The camera was focussed by push buttons located on either side of the lens, and the shutter was released by pulling outward on a lever mounted on the front of the camera body.

The Graphic 35 was available with either an f3.5 or f2.8 50mm lens. Shutter with speeds were 1 to 1/300th sec, with B and V (self-timer), X, and M flash synchronization.

The coupled rangefinder was of the split image type with a separate viewfinder from that used to compose the image.

Production is commonly stated to have ended in 1958, but the U.S made Graphic 35 continued to be promoted by magazine advertising until the end of 1960. [2]

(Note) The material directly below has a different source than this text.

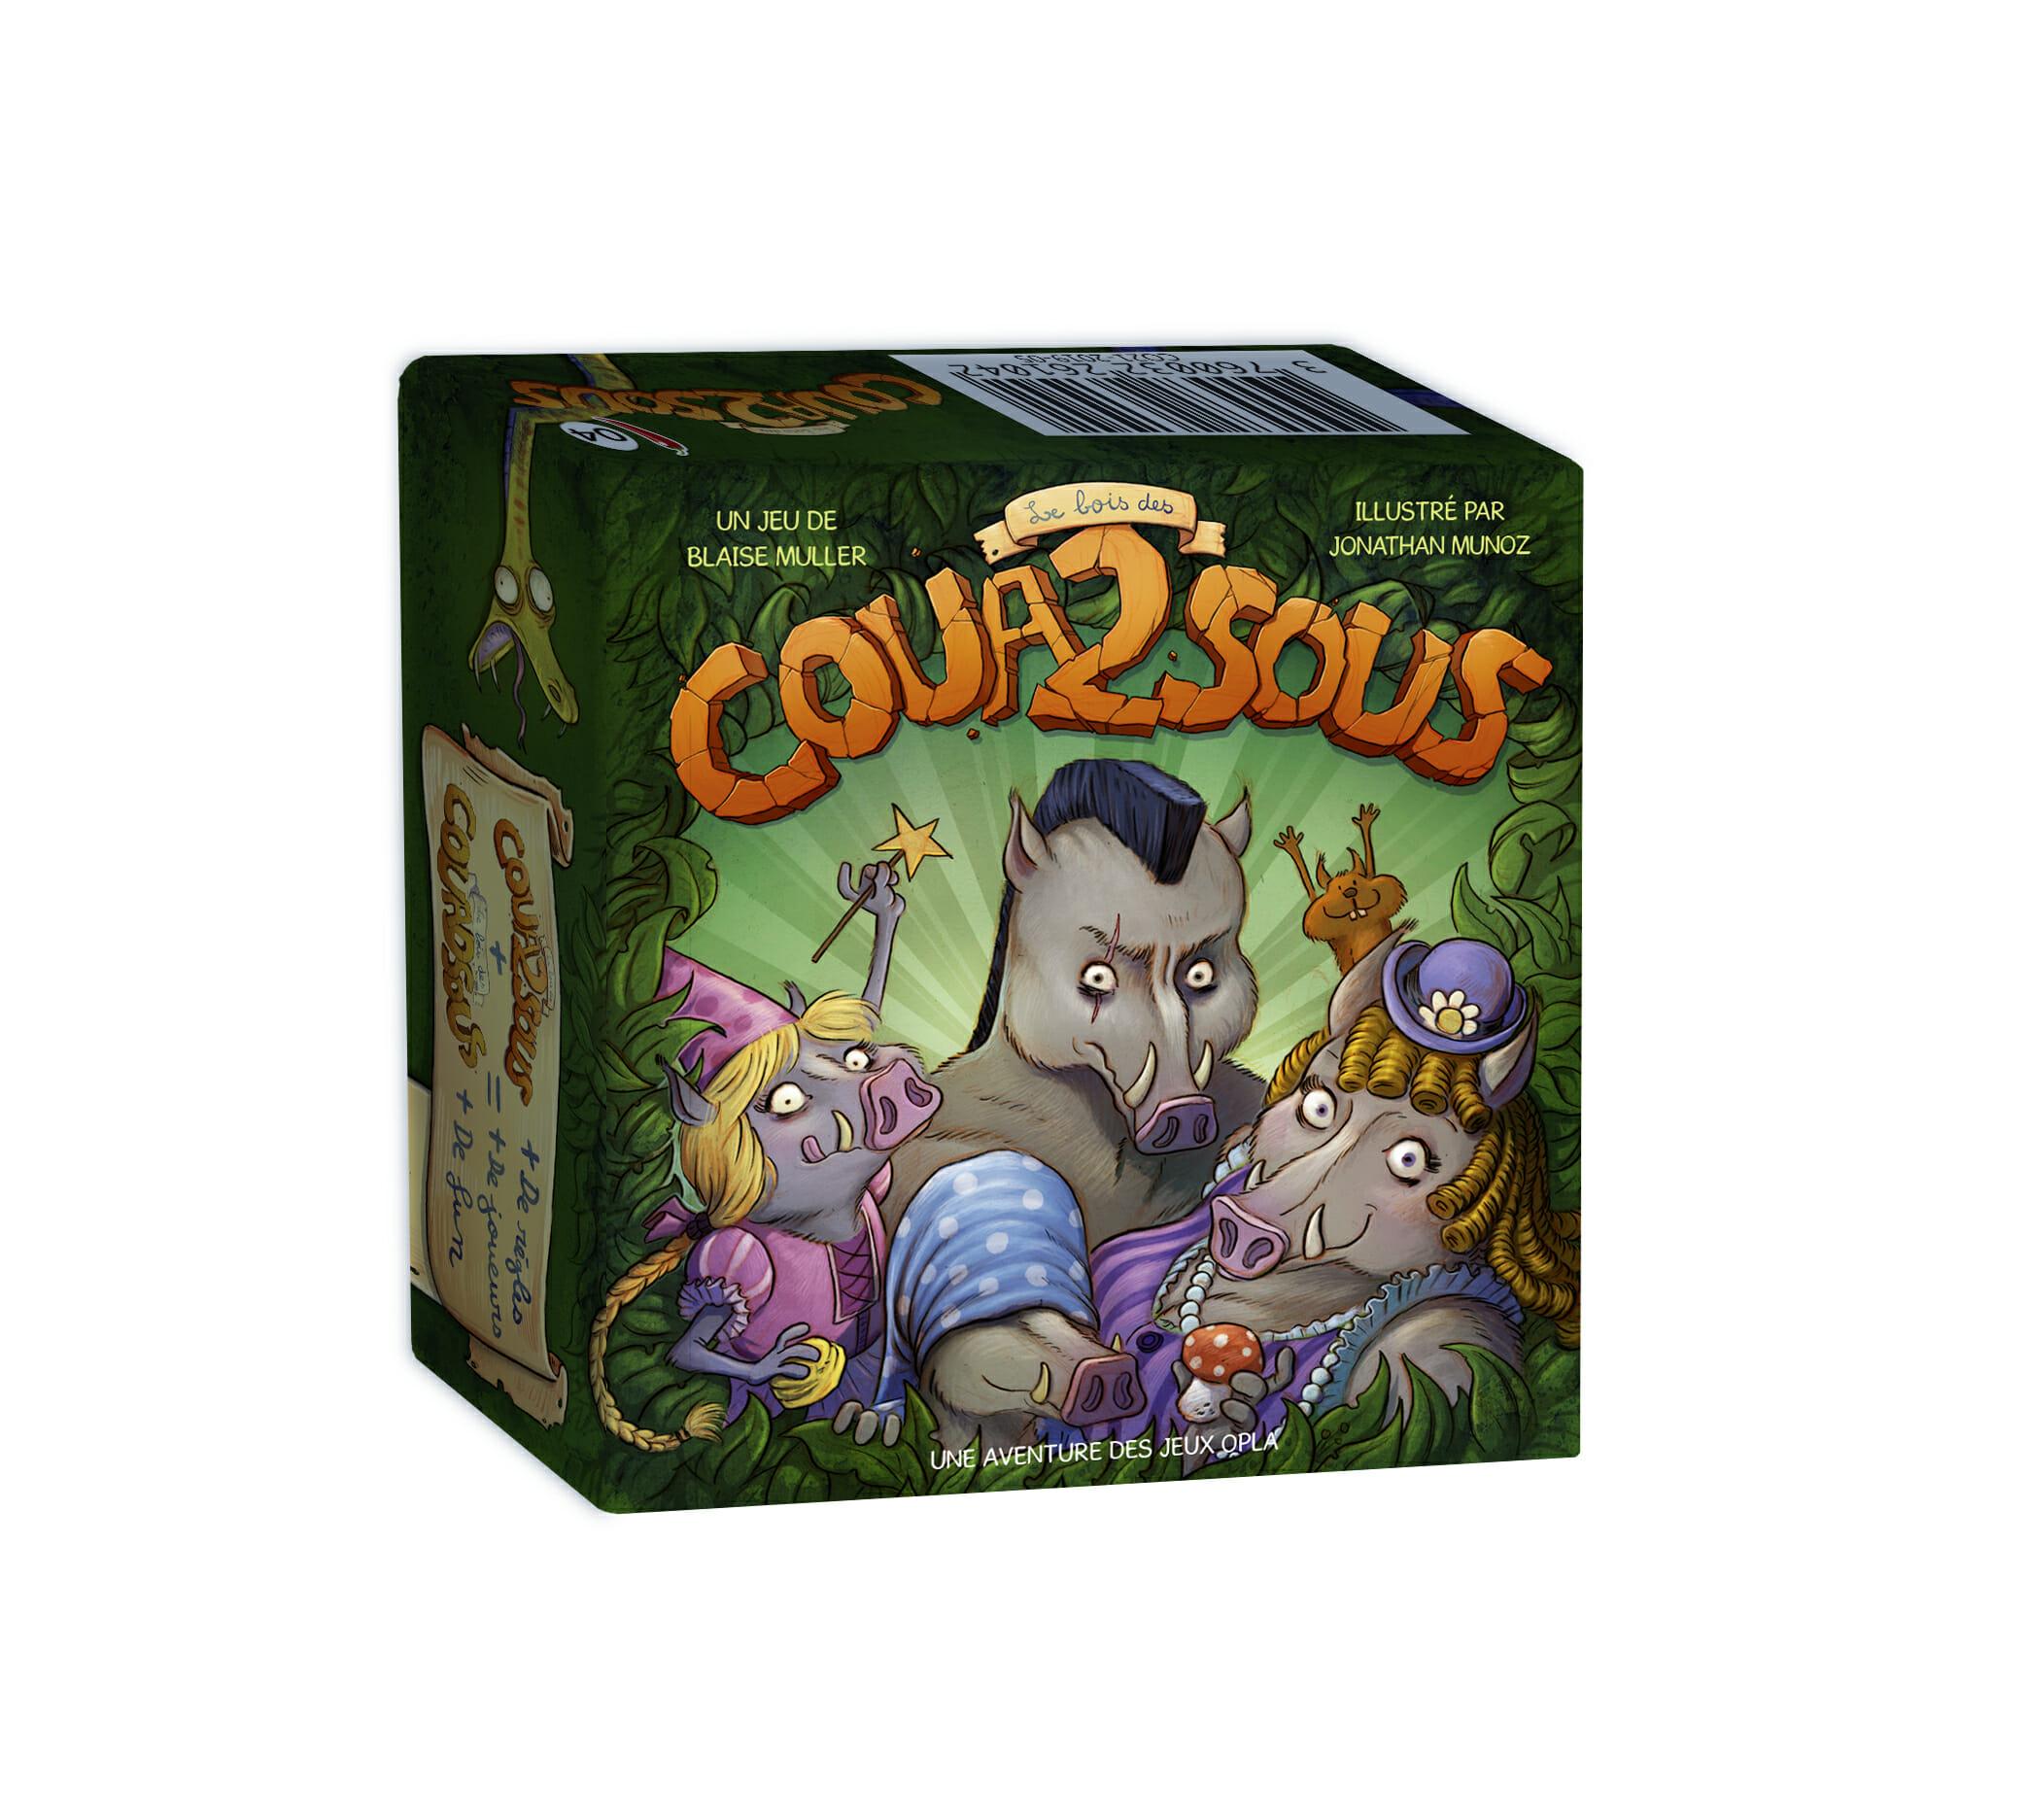 Coua2sous_boite-3d-1

Later Graphic 35 models were made by Kowa for Graflex; i.e. the Graflex (Graphic) Century 35 and derivatives, plus the Graflex Graphic Jet 35.[3]



Notes

  1. According to the Graflex Journal - issue 3 of 2016 - some lenses may have been by Enna Werk.
  2. Advertisement for the push-button-focus Graphic 35 can be found in the March 1958 National Geographic, 1959 Rochester 8 New York magazine, a plus a listing in the June 1960 UK Amateur Photographer magazine's Annual Camera Guide, and the December 1960 edition of US Modern Photography's Annual Camera Guide.
  3. Contrary to popular claims made on other Internet websites, it seems very unlikely that the Graphic 35s were made by Kowa. This idea appears to rise from a confusion of the Graflex Graphic 35 with the Kowa/Graflex Graphic Century 35.